Criminal Intel Files Show Facial Recognition, Warrantless Surveillance in Minnesota

A little-known multi-agency drug war group runs thousands of facial recognition scans and other surveillance operations. We found over 37,000 requests for support, connecting at least 233 law enforcement organizations in Minnesota and beyond.

Minneapolis, MN – Documents obtained via a series of public records requests from the Hennepin County Sheriff’s Office (HCSO) provide rare insight into police intelligence gathering. The documents include case numbers in which facial recognition was used, details about systems that gain access to vehicle entertainment systems, geospatial intelligence, cell phone snooping and more.

Many drug and other task forces as well as more routine law enforcement operations within the region receive intelligence from investigators within the Criminal Intelligence Division (CID) and Criminal Information Sharing and Analysis (CISA) units. Within this division is the High Intensity Drug Trafficking Areas Investigative Support Center (HIDTA ISC). Amid these units the Real Time Analysis Center (RTAC) is a hub for tactical operations planning.

The Hennepin County Sheriff’s Office leases office space in downtown Minneapolis where HIDTA and CISA units work side by side, serving as a clearinghouse and command center both supporting criminal intelligence gathering as well as real time field operations.

Homeland Security equates these operations with fusion centers. This multi-agency investigative effort combines various intelligence pipelines from hundreds of police and other sources and is bolstered by data mining and state-of-the-art surveillance technology.

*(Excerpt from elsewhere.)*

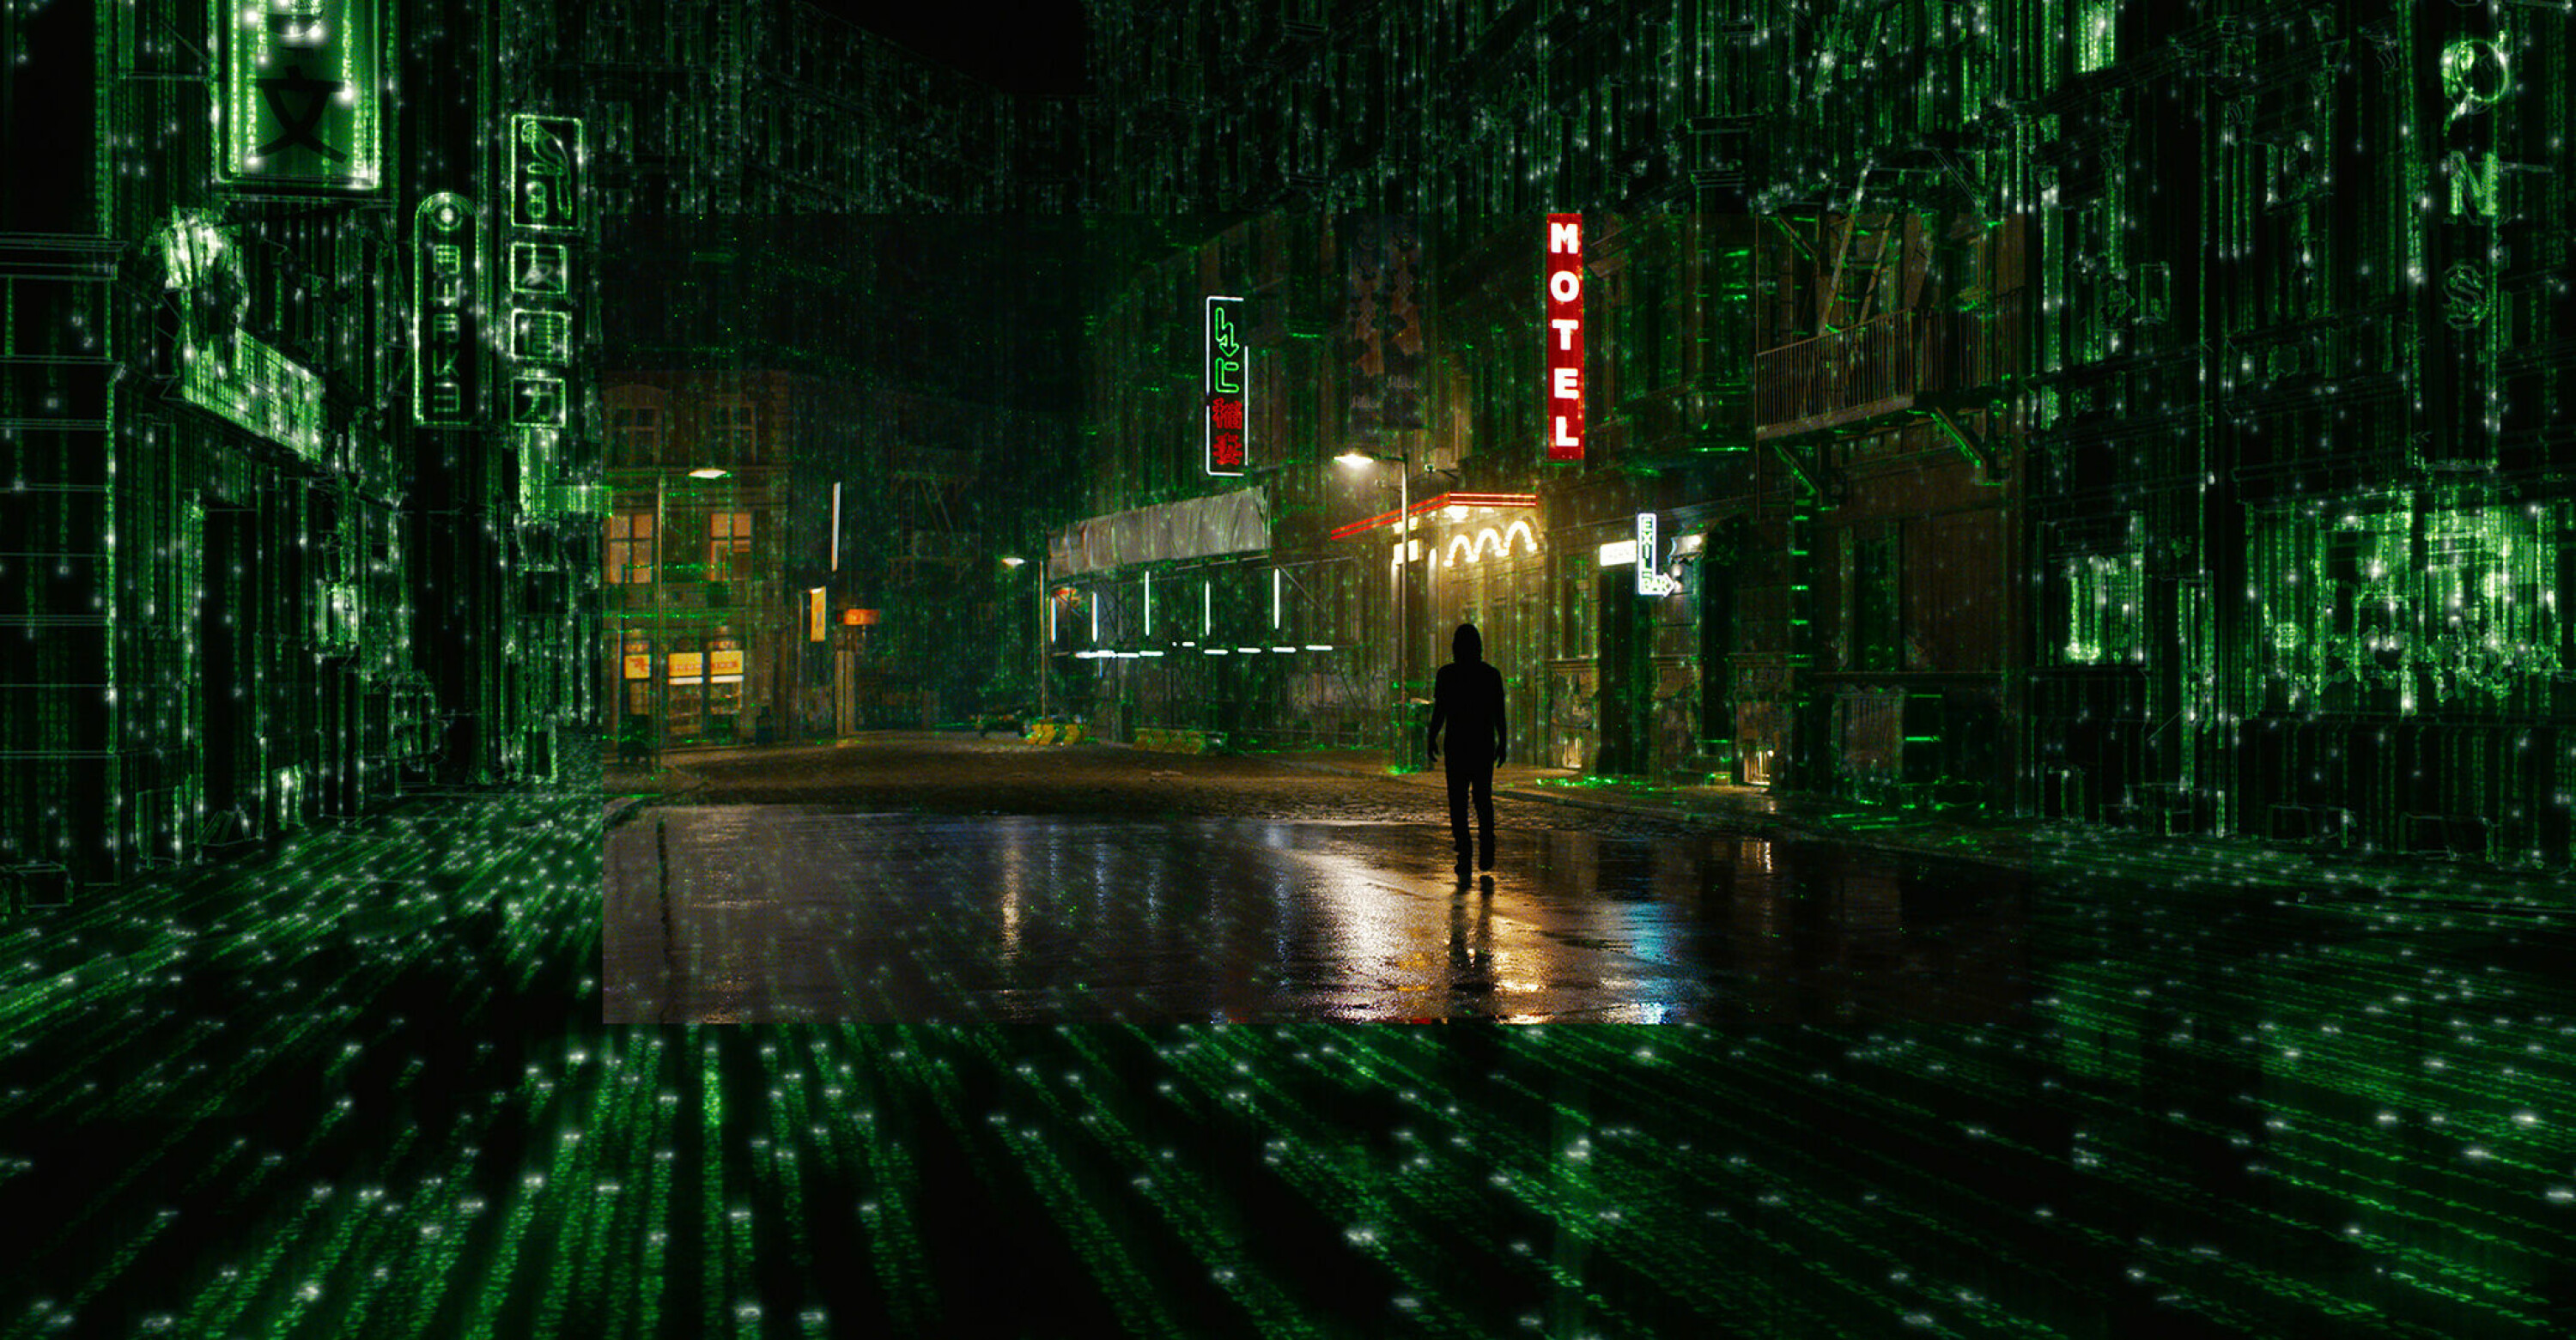 FORTSATT GODTERI FOR ØYET: Den ikonisk «The Matrix» er tilbake med sin stilistiske visuelle stil.

HIDTA operations, like the North Central HIDTA, exist across the United States with little public scrutiny. Locally, the conversation around police use of facial recognition largely features police officials explaining that it’s a powerful tool they only use for the most pressing investigations. Now, the dataset Unicorn Riot is making public shows over 1,600 facial recognition searches in 1,395 days for investigations including “property crimes,” and other arguably lesser offenses.

This report covers a range of technologies used by criminal intelligence analysts and investigators within the County-maintained facility that’s used as part of a multitude of police operations across the region. The legal threshold to perform cellphone surveillance in particular, but also regularly run facial recognition and other invasive technologies, are clearly lacking as is shown by the documentation obtained. The federal HIDTA program enables this data-driven approach to policing alongside the County’s criminal intelligence units, pooling access to resources, data and analysis. 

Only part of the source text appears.